Добавить в цитаты Настройки чтения

Страница 44 из 73



Но вследствие того, что отец отвёл пистолет от уха Гайарде, сыну спустя шестьдесят лет пришлось защищать Дюма от детей Гайарде. К тому времени Дюма-отцу воздвигли памятник, на пьедестале которого выгравировали названия отдельных его произведений, включая «Нельскую башню». Дети Гайарде потребовали, чтобы это название убрали с памятника.

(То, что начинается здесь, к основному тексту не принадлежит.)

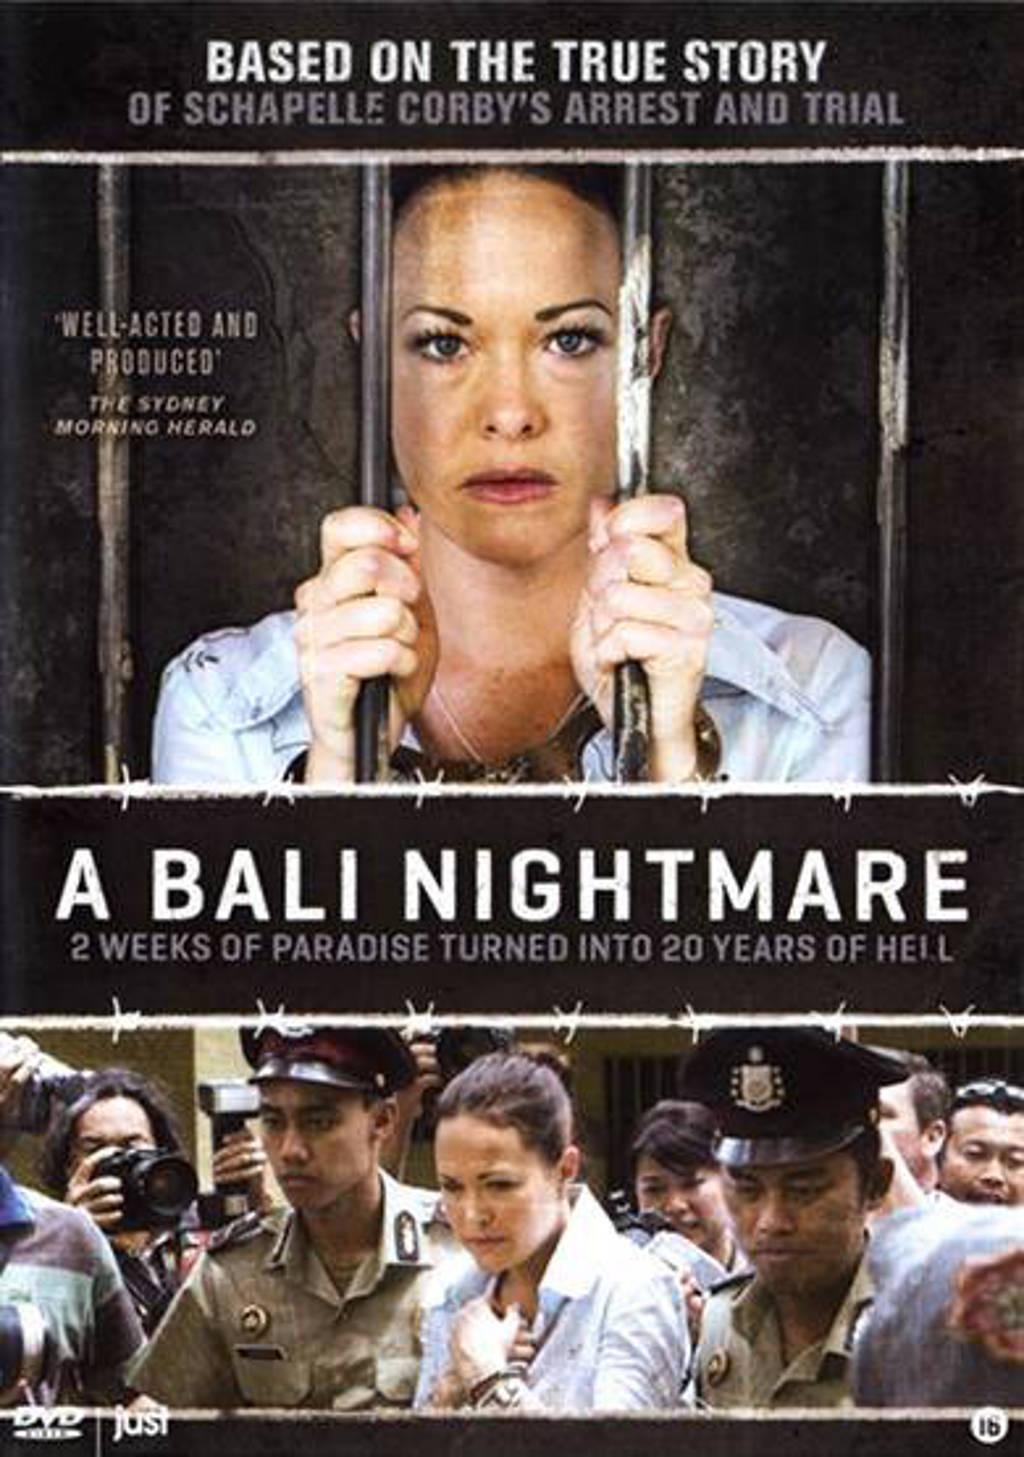 Bali nightmare (DVD)

Дюма-сын спас репутацию отца, разослав в газеты следующее заявление: «Нельзя подвергать сомнению тот факт, что мой отец способствовал созданию «Нельской башни», поскольку суд не лишил его большей части авторских прав. Поэтому я намерен пойти на компромисс с наследниками господина Фредерика Гайарде: если они разрешат оставить название пьесы на пьедестале статуи моего отца, то я даю слово, что разрешу оставить название этой пьесы на памятнике, воздвигнутом в честь их отца, ежели таковой будет поставлен».

Маленький Александр, столь отважно защищавший дуэлянтскую славу отца, вновь сделался предметом оскорбительных насмешек, когда Дюма встал в ряды многочисленных защитников герцогини Беррийской, которая после попытки поднять запад Франции на восстание против правительства Луи-Филиппа была заключена в замок де Блэ. Врачи объявили, что герцогиня беременна; тотчас французы разделились на два лагеря — одни признавали беременность, другие нет, — и отсюда последовала настоящая эпидемия дуэлей, аналогичных той, в итоге которой и произошла встреча драгуна Дюма и дочери трактирщика из Виллер-Котре, родителей Александра Дюма-отца.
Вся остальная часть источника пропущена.